Note that this matching based on span id is informal - for full validation we would also need to look at the trace id but we’ve simplified the matching here for demonstration purposes.
Caveats
We have shown how to use the OpenCensusUtil
class in the Cloud Pub/Sub Java
library in order to generate traces connecting Publishers and Subscribers.
Caveat 1. OpenCensus Java is split into API and implementation. The Cloud Pub/Sub Java library only has a dependency on the API so, for Publishers and Subscribers to actually generate traces, a dependency on the OpenCensus implementation must be added — see
pom.xml
in the Appendix.Caveat 2. In order to export trace data to Stackdriver, the OpenCensus Stackdriver Exporter must also be linked into the application and initialized. See
OpenCensusTraceUtil.java
andpom.xml
in the Appendix for details.
Appendix
OpenCensusTraceUtil.java
— utility class added to the Pub/Sub example.
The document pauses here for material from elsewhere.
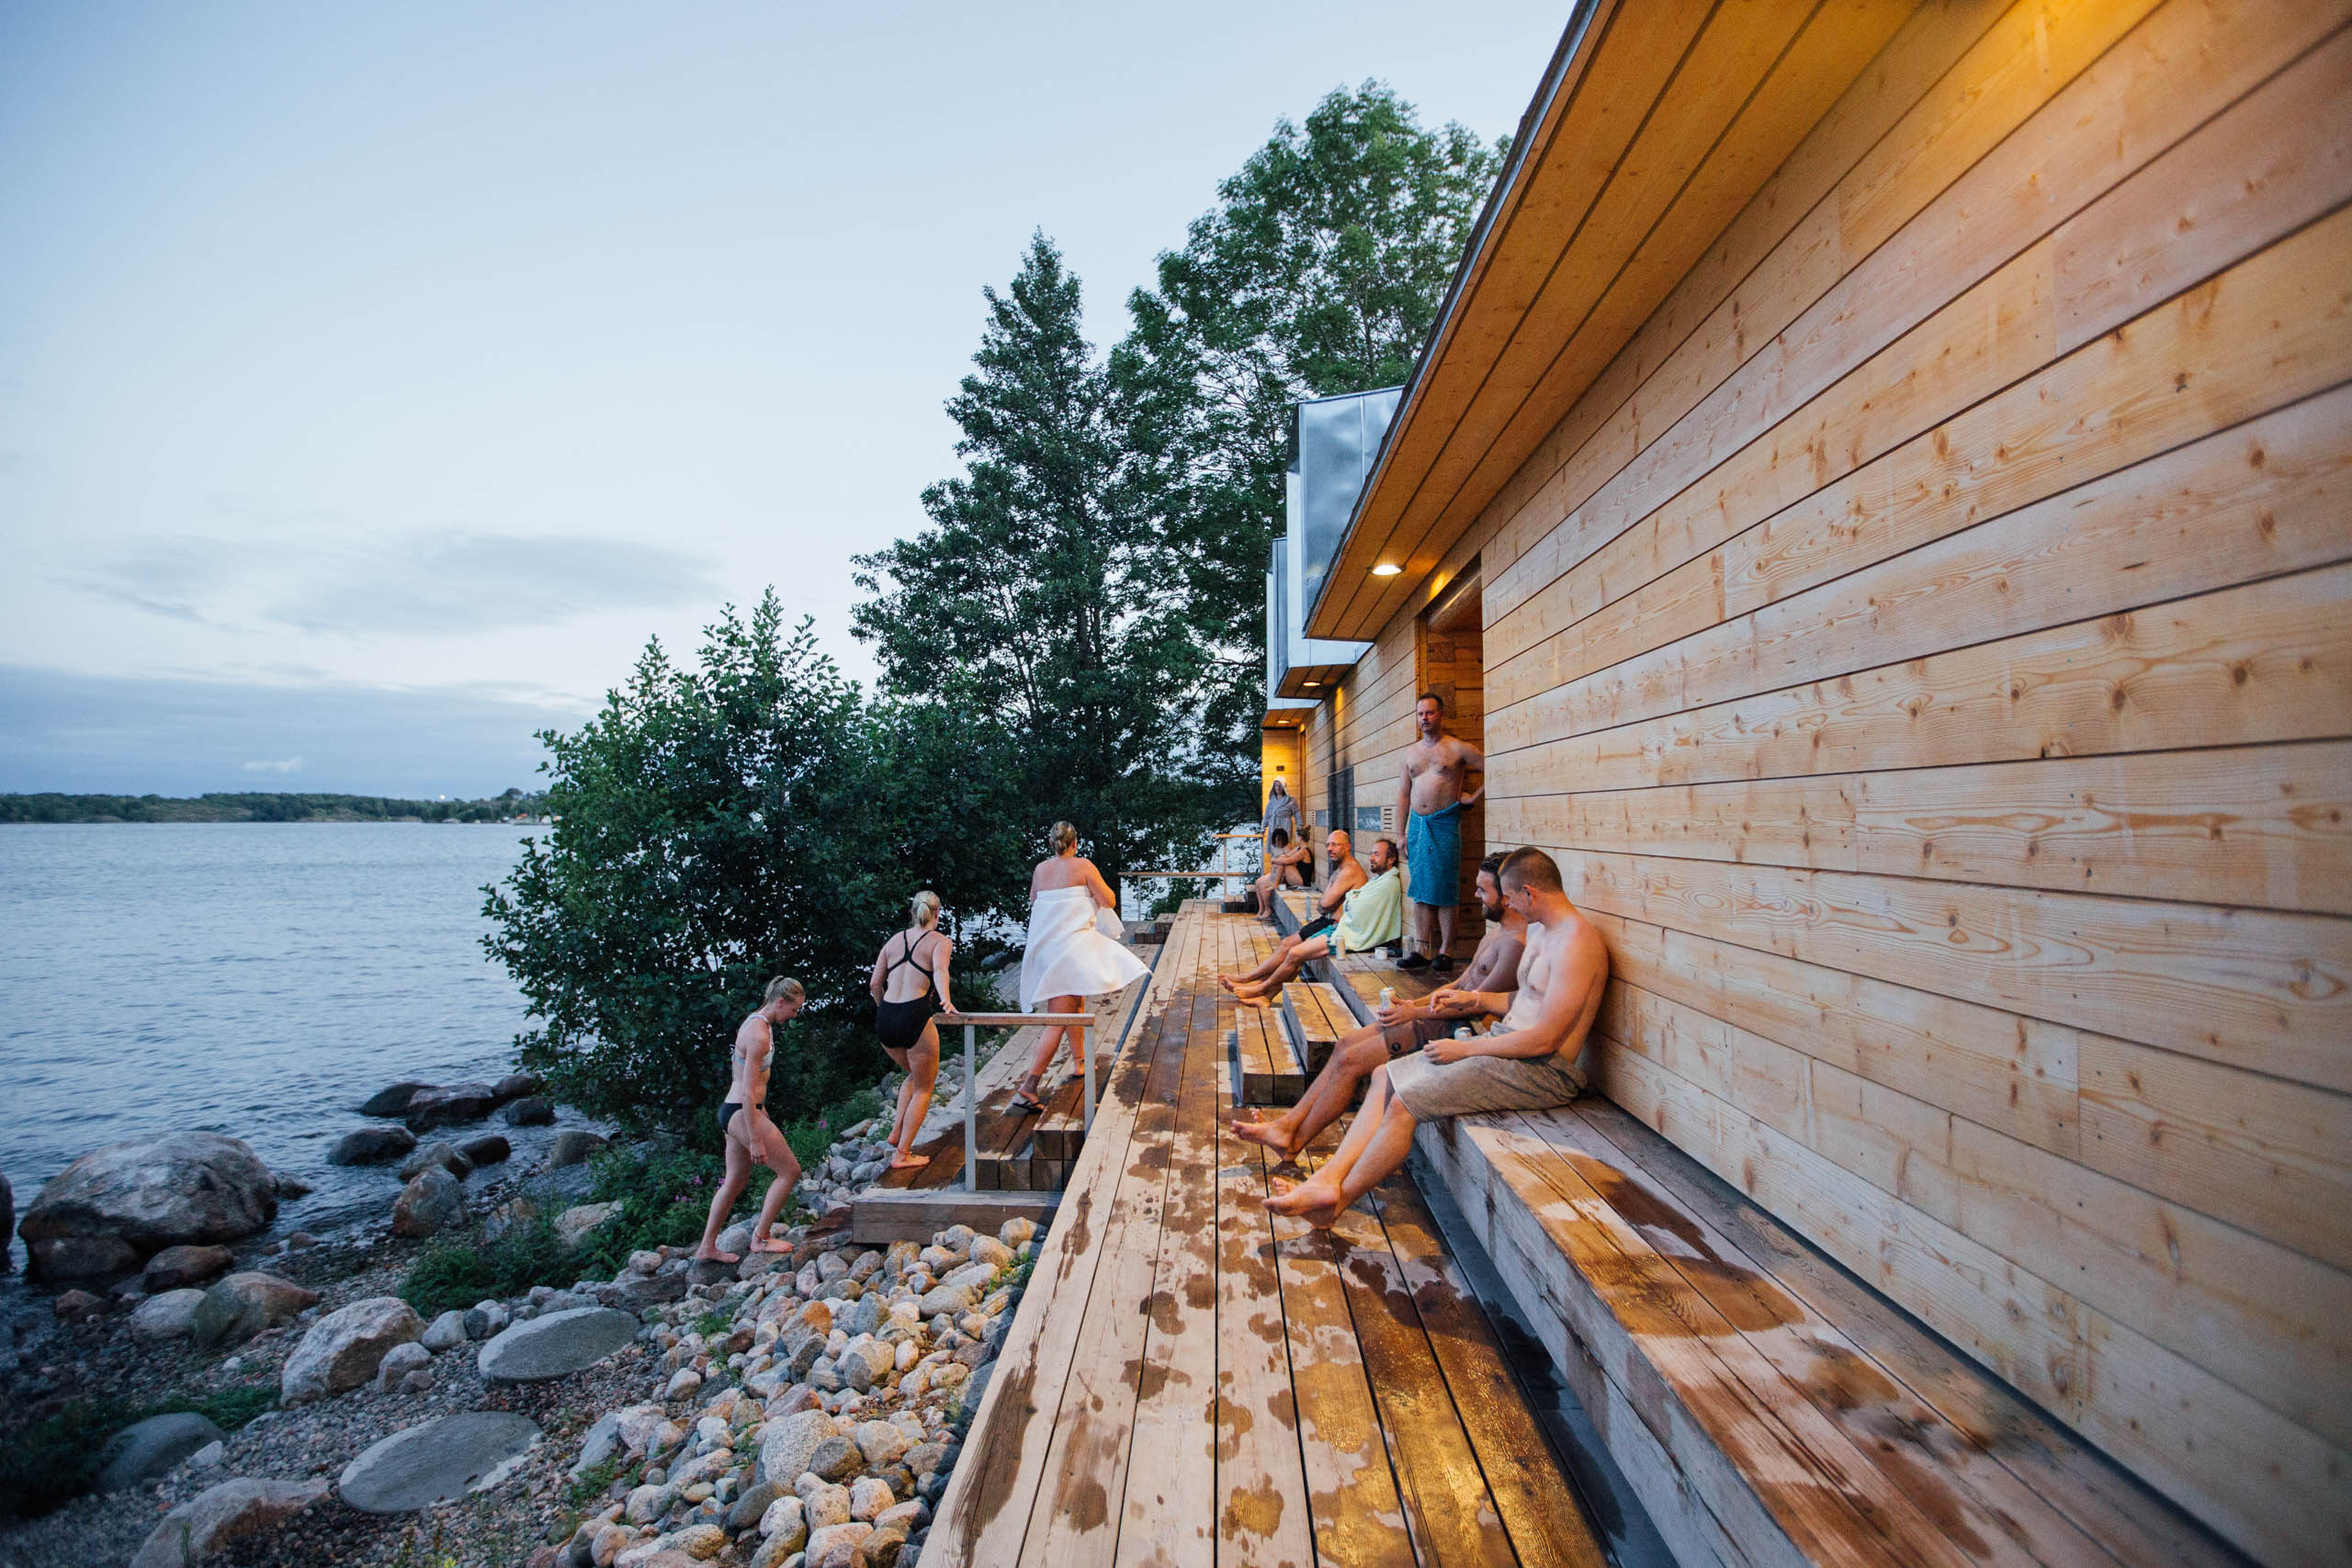 People cooling off on the porch of a sauna be the Baltic Sea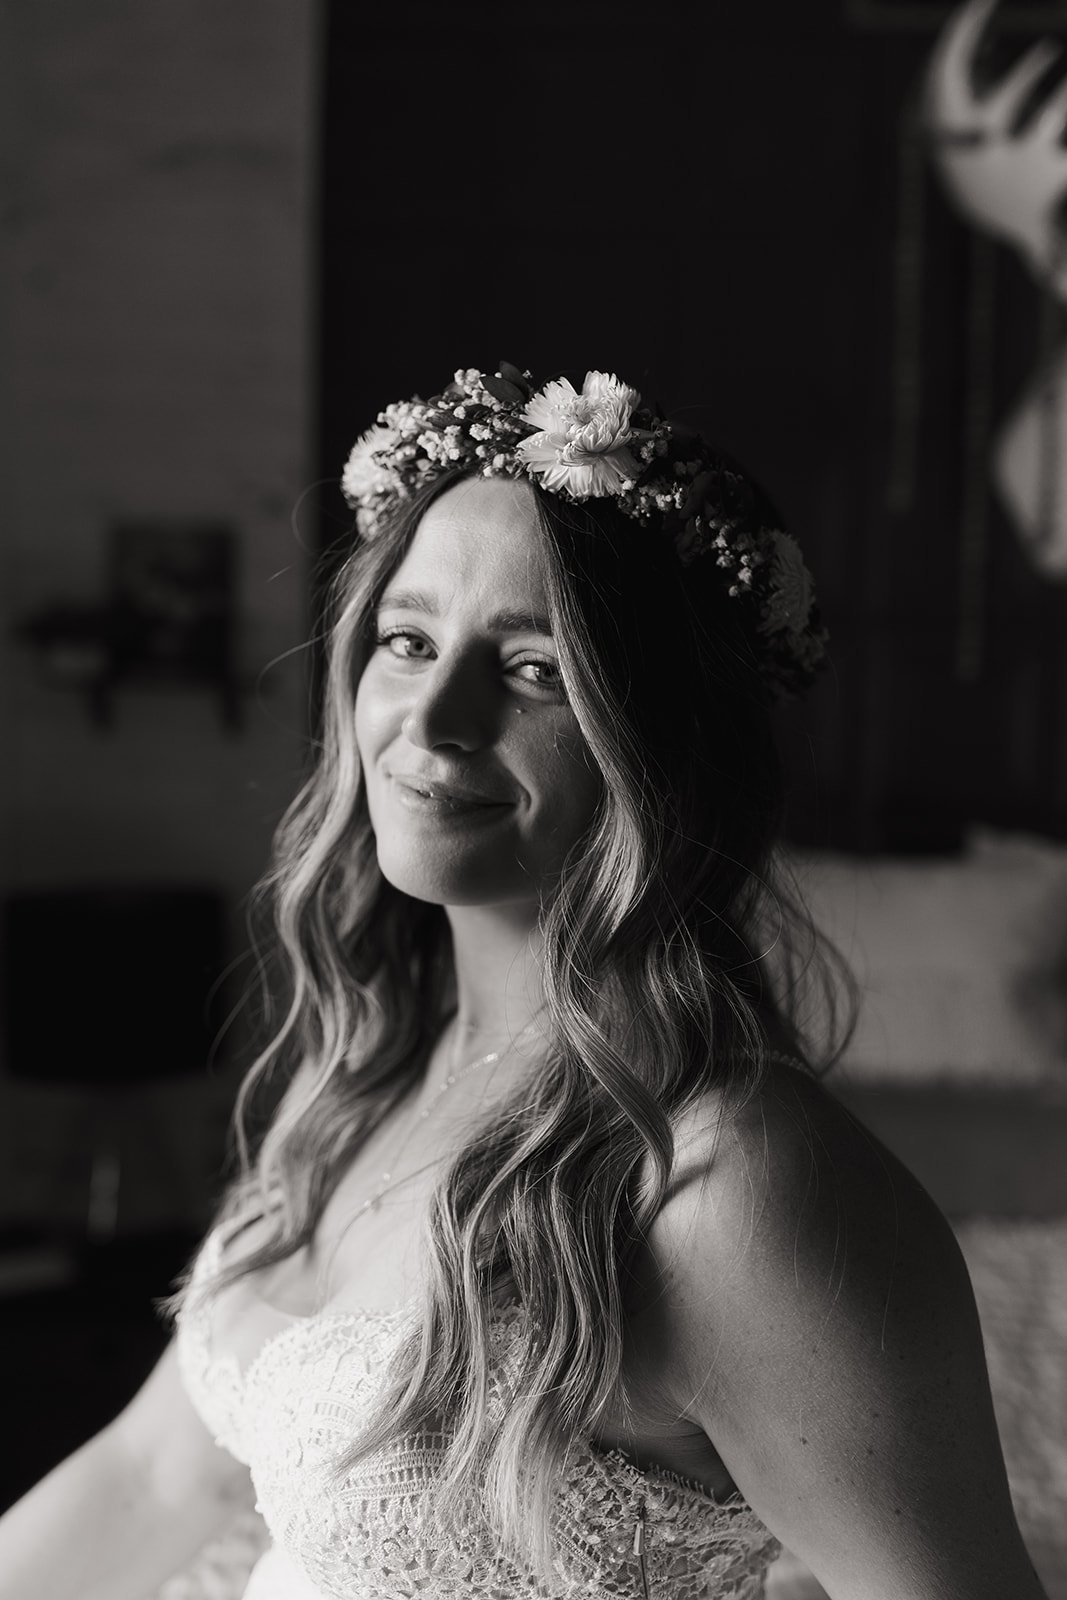 A black and white portrait of Leah getting ready

Note particularly the static initializer on line 28, which initializes the OpenCensus Stackdriver trace exporter.
class OpenCensusTraceUtil {
private static final Logger logger =
Logger.getLogger(OpenCensusTraceUtil.class.getName());
private static final String PROJECT_ID = ServiceOptions.getDefaultProjectId();
private static final Tracer tracer = io.opencensus.trace.Tracing.getTracer();
static void addAnnotationAndLog(String annotation) {
tracer.getCurrentSpan().addAnnotation(annotation);
logger.log(Level.INFO, annotation);
}
@MustBeClosed
static Scope createScopedSampledSpan(String name) {
return tracer
.spanBuilderWithExplicitParent(name, tracer.getCurrentSpan())
.setRecordEvents(true)
.setSampler(Samplers.alwaysSample())
.startScopedSpan();
}
static String getCurrentSpanIdAsString() {
return tracer.getCurrentSpan().getContext().getSpanId().toString();
}
static void logCurrentSpan() {
SpanContext ctxt = tracer.getCurrentSpan().getContext();
logger.log(Level.INFO, "OpenCensusTraceUtil: logCurrentSpan(): "
+ "traceid=" + ctxt.getTraceId().toLowerBase16()
+ "&spanid=" + ctxt.getSpanId().toLowerBase16()
+ "&traceopt=" + (ctxt.getTraceOptions().isSampled() ? "t&" : "f&"));
}
static {
if (!PROJECT_ID.isEmpty()) {
try {
// Initialize trace exporter.
StackdriverTraceExporter.createAndRegister(StackdriverTraceConfiguration
.builder().setProjectId(PROJECT_ID).build());
} catch (IOException exn) {
logger.log(
Level.INFO, "Initializing OpenCensusTraceUtil: Exception: " + exn);
}
}
}
}
pom.xml
— maven build file for the example. The necessary OpenCensus dependencies are delineated in the comments.
<project>
<modelVersion>4.0.0</modelVersion>
<groupId>com.example.pubsub</groupId>
<artifactId>pubsub-google-cloud-samples</artifactId>
<packaging>jar</packaging>
<properties>
<maven.compiler.target>1.8</maven.compiler.target>
<maven.compiler.source>1.8</maven.compiler.source>
<opencensus.version>0.18.0</opencensus.version>
</properties>
<dependencies>
<dependency>
<groupId>com.google.cloud</groupId>
<artifactId>google-cloud-pubsub</artifactId>
<version>1.62.1-SNAPSHOT</version>
</dependency>
<!-- [START opencensus_java_dependencies] -->
<dependency>
<groupId>io.opencensus</groupId>
<artifactId>opencensus-api</artifactId>
<version>${opencensus.version}</version>
</dependency>
<dependency>
<groupId>io.opencensus</groupId>
<artifactId>opencensus-impl</artifactId>
<version>${opencensus.version}</version>
<scope>runtime</scope>
</dependency>
<dependency>
<groupId>io.opencensus</groupId>
<artifactId>opencensus-exporter-trace-stackdriver</artifactId>
<version>${opencensus.version}</version>
</dependency>
<!-- [END opencensus_java_dependencies] -->
</dependencies>
</project>